Kondolencje od De Mono

“Odeszła Agnieszka Maciąg, osoba, z którą łączyły nas nie tylko wspólne projekty, ale także serdeczna, pełna życzliwości relacja. Mieliśmy szczęście spotykać Agnieszkę w najważniejszych latach naszej twórczości. Jej obecność w teledyskach »Światła i kamery«, »Ostatni pocałunek«, »Znów jesteś ze mną«, »Kamień i aksamit«, »Druga w nocy« i »Wszystko jest na sprzedaż« wniosła do naszej muzycznej opowieści elegancję, spokój i naturalność, których nie da się zapomnieć. Była osobą o niezwykłej wrażliwości. Pamiętamy jej delikatność i ciepło, które wnosiła w każde spotkanie. Dziękujemy Ci, Agnieszko, za obecność, światło i dobro, które zostaną z nami na zawsze. Łączymy się w bólu z rodziną i bliskimi” – przeczytać możemy na facebookowym profilu De Mono.

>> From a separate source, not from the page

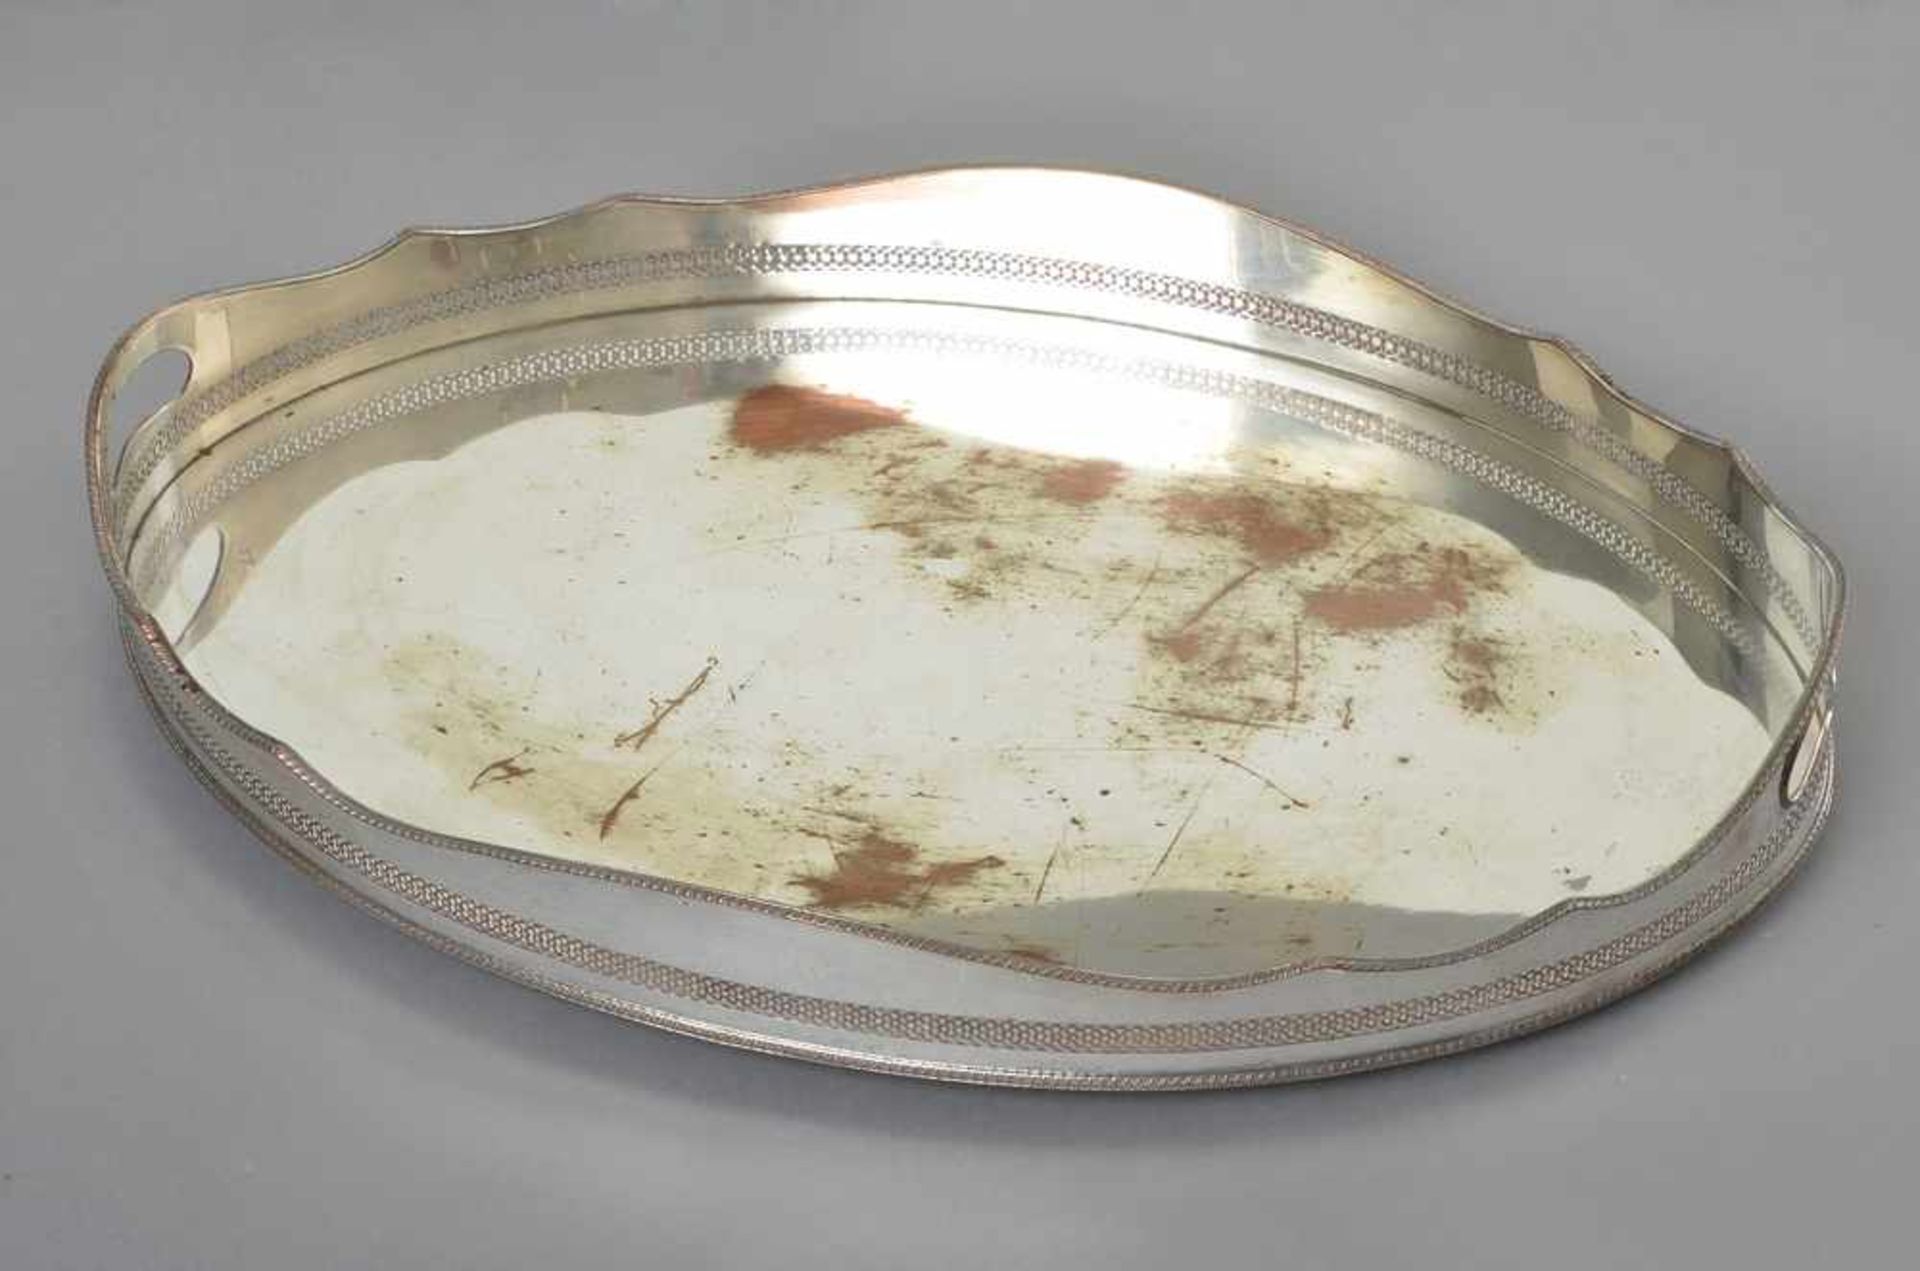 Ovales Tablett mit durchbrochenem Rand, Copper plated, England Ende 19.Jh., 61x41,5cm, berieben
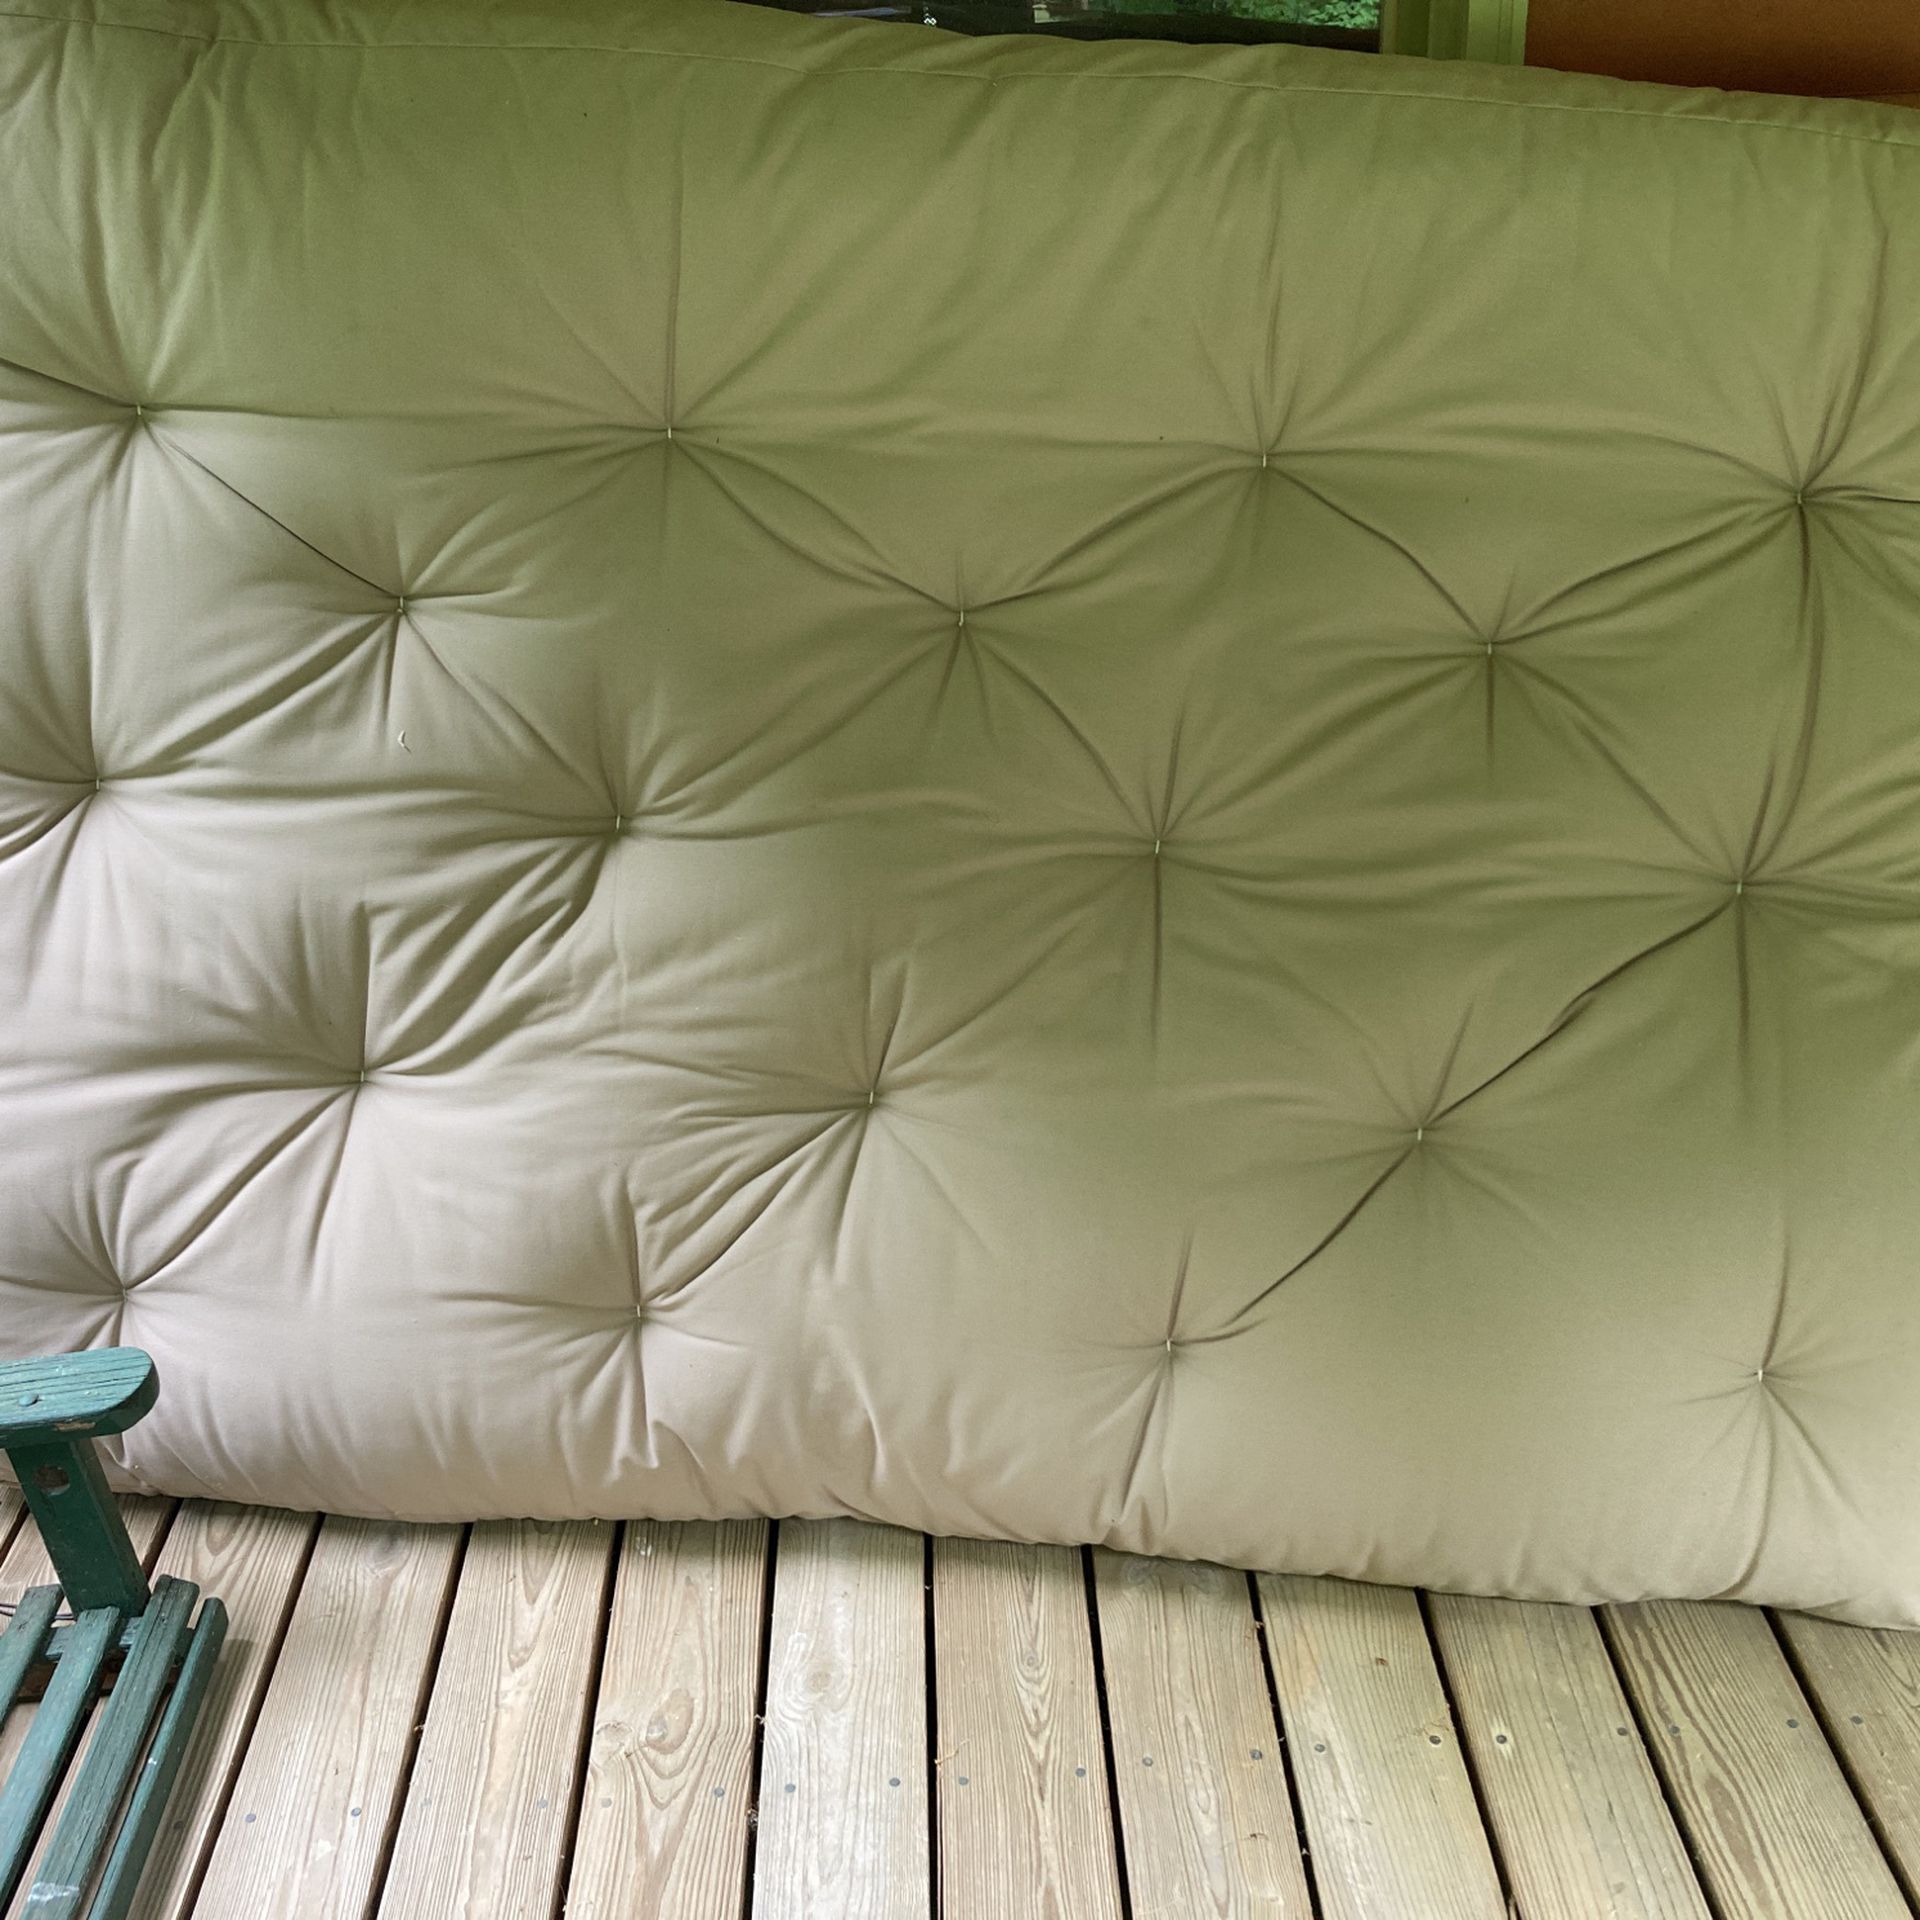 Futon type mattress.

Lider grupy Andrzej Krzywy w rozmowie dla portalu “Plejada” podzielił się osobistym wspomnieniem zmarłej modelki. Artysta opisał Maciąg jako osobę skromną i pokorną, wyrażając żal z powodu jej nagłego odejścia.

“Cudowna, wspaniała, skromna osoba. Jedna z najciekawszych i najpiękniejszych polskich modelek. A przy okazji jednak gdzieś zachowała tę ogromną skromność i pokorę. A współpracowało nam się cudownie, bo tak jak mówię, to fantastyczna osoba. Więc pomimo różnicy wzrostu, bo pomiędzy nami było sporo, mieliśmy zawsze ogromną radość i przyjemność w spotkaniach i w pracy (...) Była naszą ogromną muzą” – wspominał Maciąg wokalista De Mono. 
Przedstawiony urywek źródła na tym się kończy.